El
viajero al llegar a Santa María del Naranco se siente conmovido por una
inexplicable emoción. Lo que ve es tan antiguo, tiene casi mil doscientos años,
está tan bien conservado y es de tan gran belleza, que se alegra, una vez más,
de romper sus prejuicios acerca de la tosquedad de las gentes, incluida la
nobleza, de la alta Edad Media, como si la dura vida de supervivencia o las
sucesivas guerras, o el atraso material, visto desde el siglo XXI, fuera
incompatible con el aprecio de lo bello y el deseo del refinamiento.
Y
le cuesta comprender cómo hasta 1985 esta iglesia, que nació como palacio, y la
de San Miguel de Lillo, apenas cien metros carretera arriba, no hayan sido
consideradas patrimonio de la humanidad mucho antes.

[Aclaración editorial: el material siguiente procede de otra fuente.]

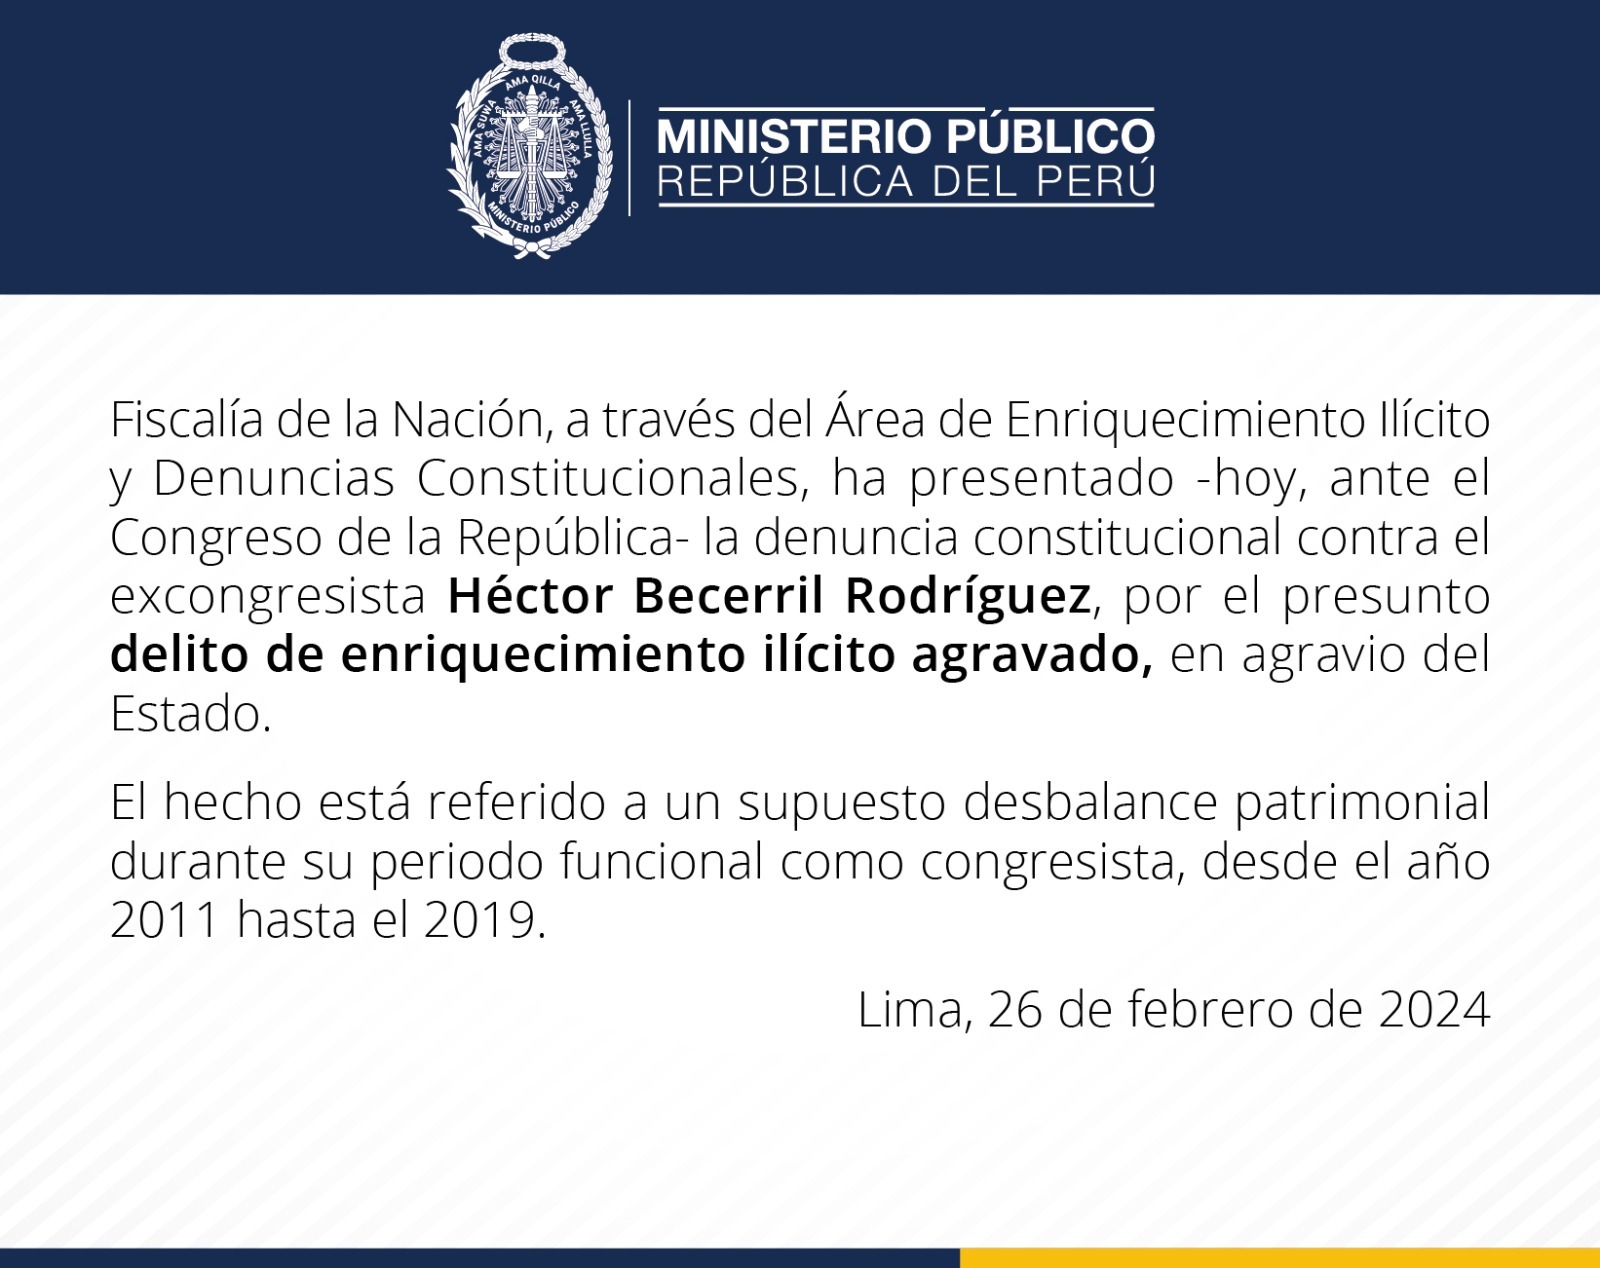 Héctor Becerril: Fiscalía presentó denuncia constitucional contra excongresista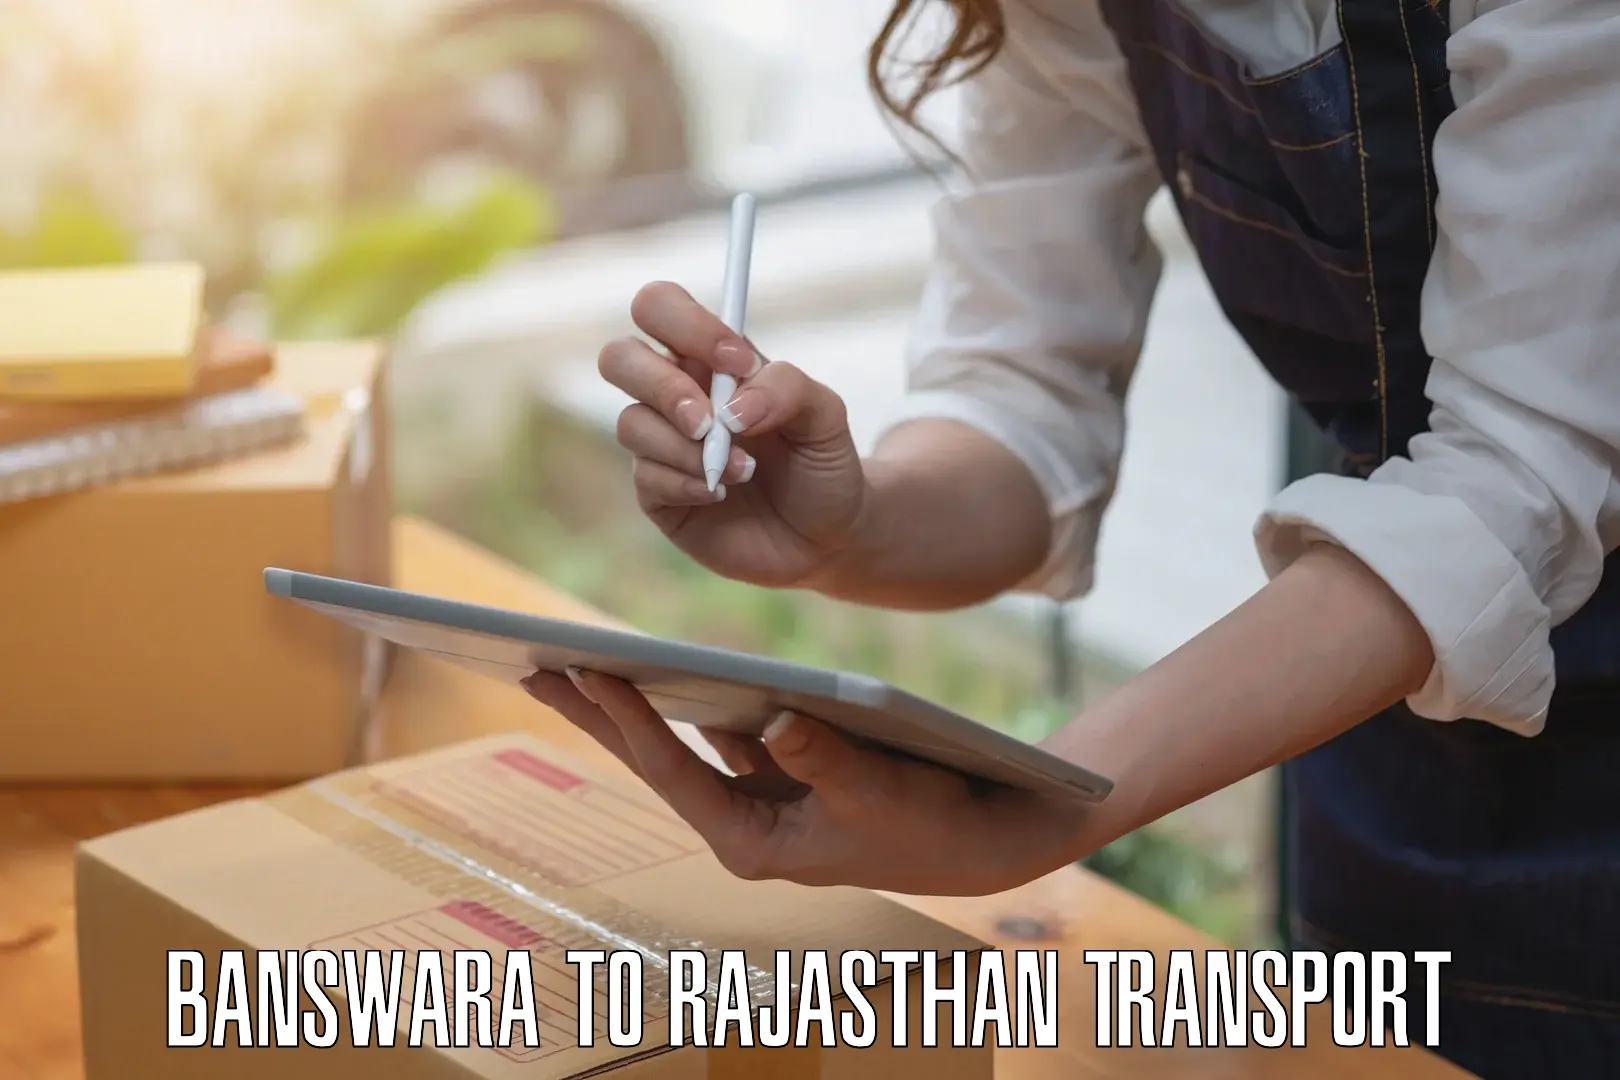 Nearby transport service Banswara to IIIT Kota

Estas dos joyas son, quizás, las más preciosas del
arte prerrománico asturiano, a las que con justicia se les da también el
adjetivo de ramirense, por ser este rey quien hiciera levantar un conjunto de
edificios en la ladera del monte Naranco
en las cercanías de Oviedo.
Santa María del Naranco |
San Miguel de Lillo |
Poco es lo que se sabe de los orígenes de estos edificios. Se supone que no estuvieron solos y que, a decir de Sánchez Albornoz, fueran más los edificios construidos, y que estos dos que el viajero admira sean los únicos supervivientes de otros erigidos en tiempos de Ramiro I, rey de corto reinado, pero de gran importancia para el reino asturiano.
Sin
descendencia Alfonso II el Casto, que había recibido la corona de Bermudo,
eligió al hijo de éste, Ramiro, vástago de la estirpe cántabra, para sucederle.
Pero ocurrió que estando Ramiro, viudo de su primera esposa, en tierras
castellanas para contraer segundas nupcias, falleció el rey Alfonso. Debió ser
dicha muerte repentina, pues Ramiro, que no había asegurado su elección, vio
como Nepociano trató de apoderarse de la corona. Como tenía este Nepociano
algún parentesco con el rey muerto, se creyó con algún derecho, y partidarios
de Ramiro y Nepociano se enfrentaron en Cornellana, junto al Narcea. Victorioso
Ramiro, fue elegido y entronizado, y Nepociano, tras su captura, privado de la
vista y enclaustrado hasta el ocaso de sus días.
El viajero lee en “El reino de Asturias” de don Claudio Sánchez Albornoz la idea
de ser el maestro de la Cámara Santa de Oviedo el autor de estos dos edificios
ramirenses: el palacio real, que pasando el tiempo, dejaría de prestar usos
palaciegos para consagrarse como capilla y la iglesia de San Miguel de Lillo.
Sea la hipótesis de don Claudio acertada o no, el viajero sólo puede alabar el
buen gusto del maestro y lo acertado del rey Ramiro en su elección.
Poco
más dirá el viajero de estas maravillas erigidas en tiempos tan lejanos, de las que puede
ofrecer el recuerdo que de ellas pudo retener con su cámara, pero no la emoción
que su contemplación produce en el visitante.